Abstract:
A method for plasticing nuts, such as almonds and the like, includes the steps of heating a mass or bulk of nuts in a dry atmosphere to a uniform temperature as they are being conveyed, and moisturing the nuts to a preselected moisture content as they are being conveyed. The method further includes at least partially or semi-fluidizing the mass of nuts as they are being heated and moisturized. The method also includes heating the moisturized nuts to dry the skins of the nuts. An apparatus for plasticizing nuts, such as almonds and the like, includes a vibrating housing along which the nuts are conveyed in mass from one end to the other end thereof. The housing includes a perforated deck plate over which the mass of nuts move and defining an air chamber below the deck plate. The air chamber is divided into three plenums along the length of the housing. The first and third plenums located at the opposite ends of the housing are each supplied with heated air which passes through the perforated deck to heat the mass of nuts. The second or middle one of the plenums is supplied with steam to moisturize the nuts.

Description:
This is a division of application Ser. No. 944,197, filed Dec. 22, 1986, now U.S. Pat. No. 4,775,544. 
    
    
     BACKGROUND OF THE INVENTION 
     1. Field of the Invention 
     The present invention relates to plasticizing nuts, such as almonds and the like. 

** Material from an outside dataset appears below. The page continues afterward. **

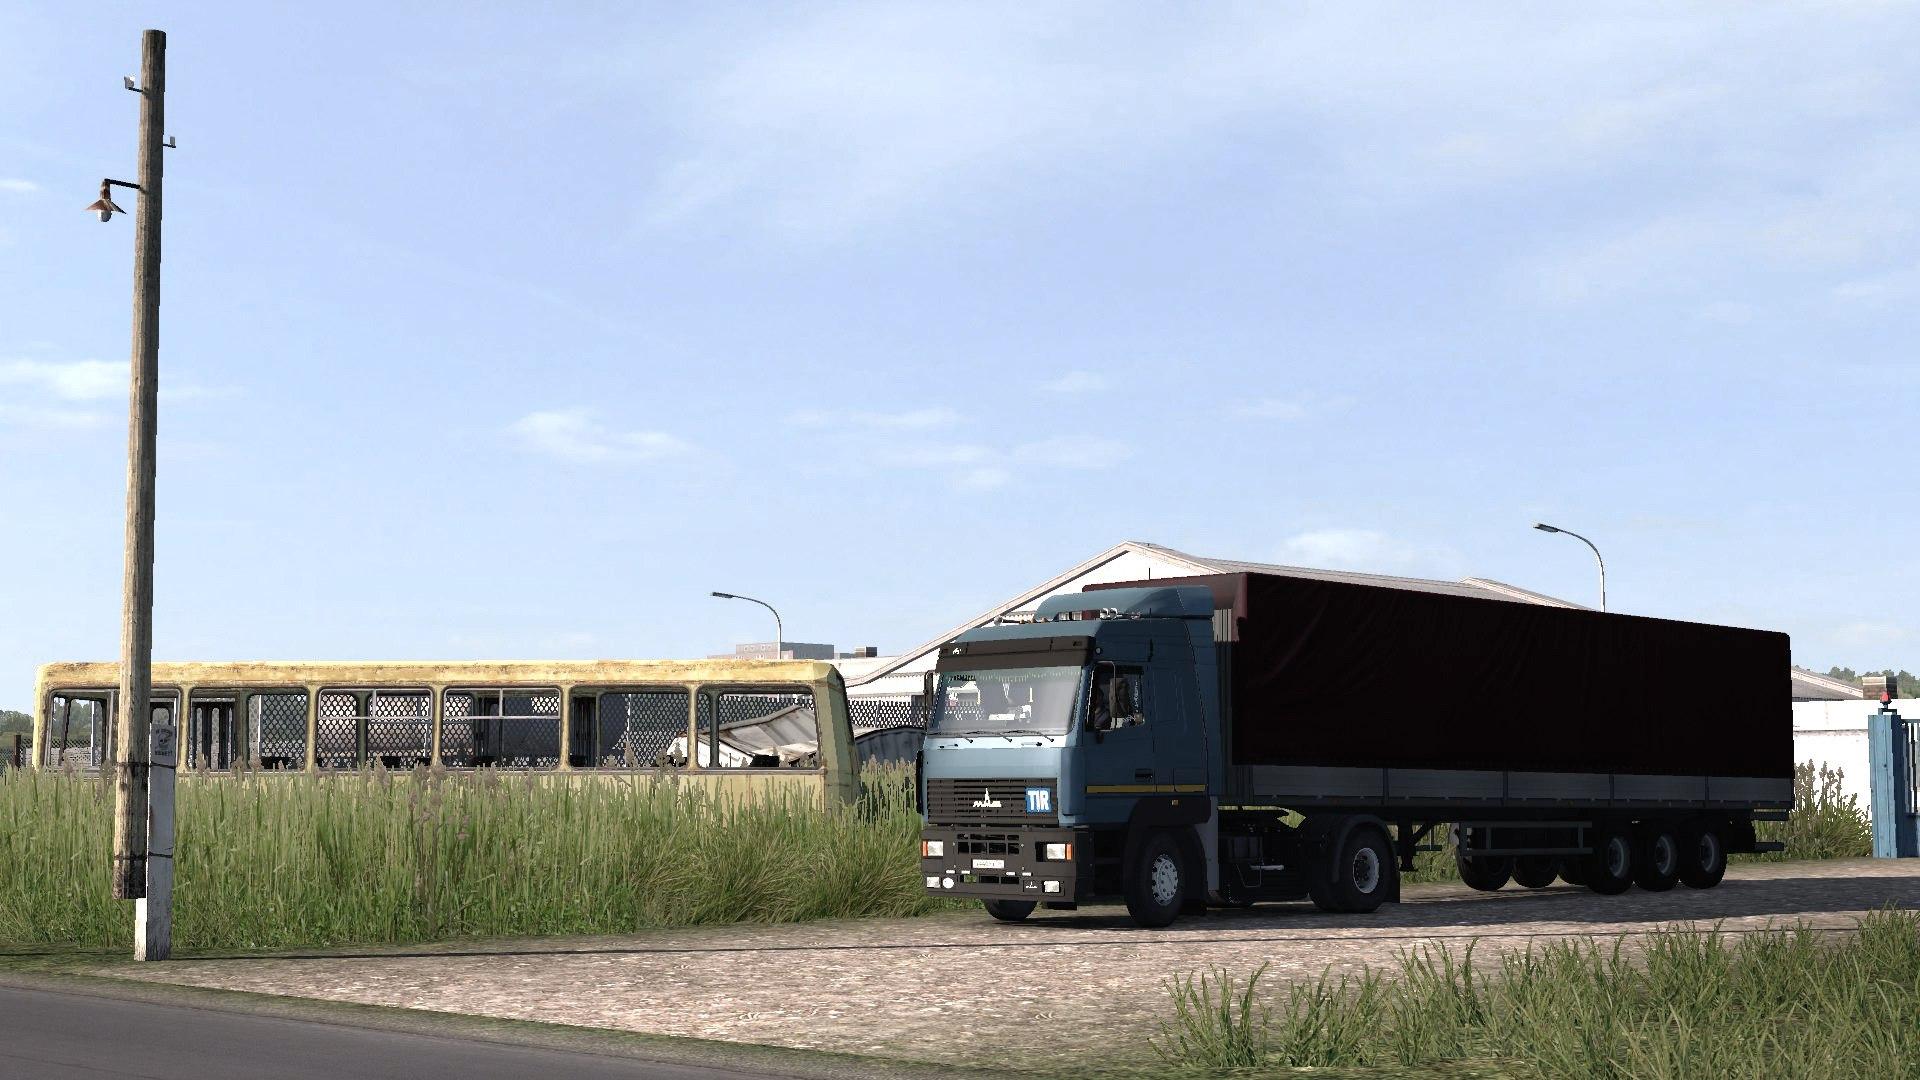 MgOZAbkMDhg.jpg - Euro Truck Simulator 2

     2. Discussion of the Prior-Art 
     It is a practice in the food art to slice or sliver nuts such as almonds and the like. In order to slice or sliver nuts so they will not crack or break up, the nuts must be first plasticized. 
     Nuts, such as almonds, are typically plasticized by a batch process wherein a batch of nuts is deposited in a vat of boiling water. This process has a number of drawbacks. Some of the drawbacks are that it is slow, it is difficult to control the moisture content of the nuts, and it tends to remove the skins of the nuts. Therefore, this known process adds to the cost of processing the nuts, not only because it is slow, but also because it can easily damage some of the nuts which then must be discarded or lowers the commercial value of the nuts. 
     SUMMARY OF THE INVENTION 
     The present invention recognizes these drawbacks and provides a solution thereto. 
     It is an objective of the present invention to provide a method and apparatus for plasticizing nuts which does not remove the skins from the nuts in the process. 
     It is another objective of the present invention to provide a method and apparatus for plasticizing nuts which provides for the ready control of the moisture content of the nuts. 
     It is a further object of the present invention to plasticize the nuts without loosening the nut skins and indeed fastening the nut skins to the nut meat so that the nuts can be sliced while maintaining the skin on the peripheral edges of the nut slices. 
     It is still another objective of the present invention to provide a method and apparatus which plasticizes a mass or bulk of nuts on a continuous, as opposed to a batch, basis. 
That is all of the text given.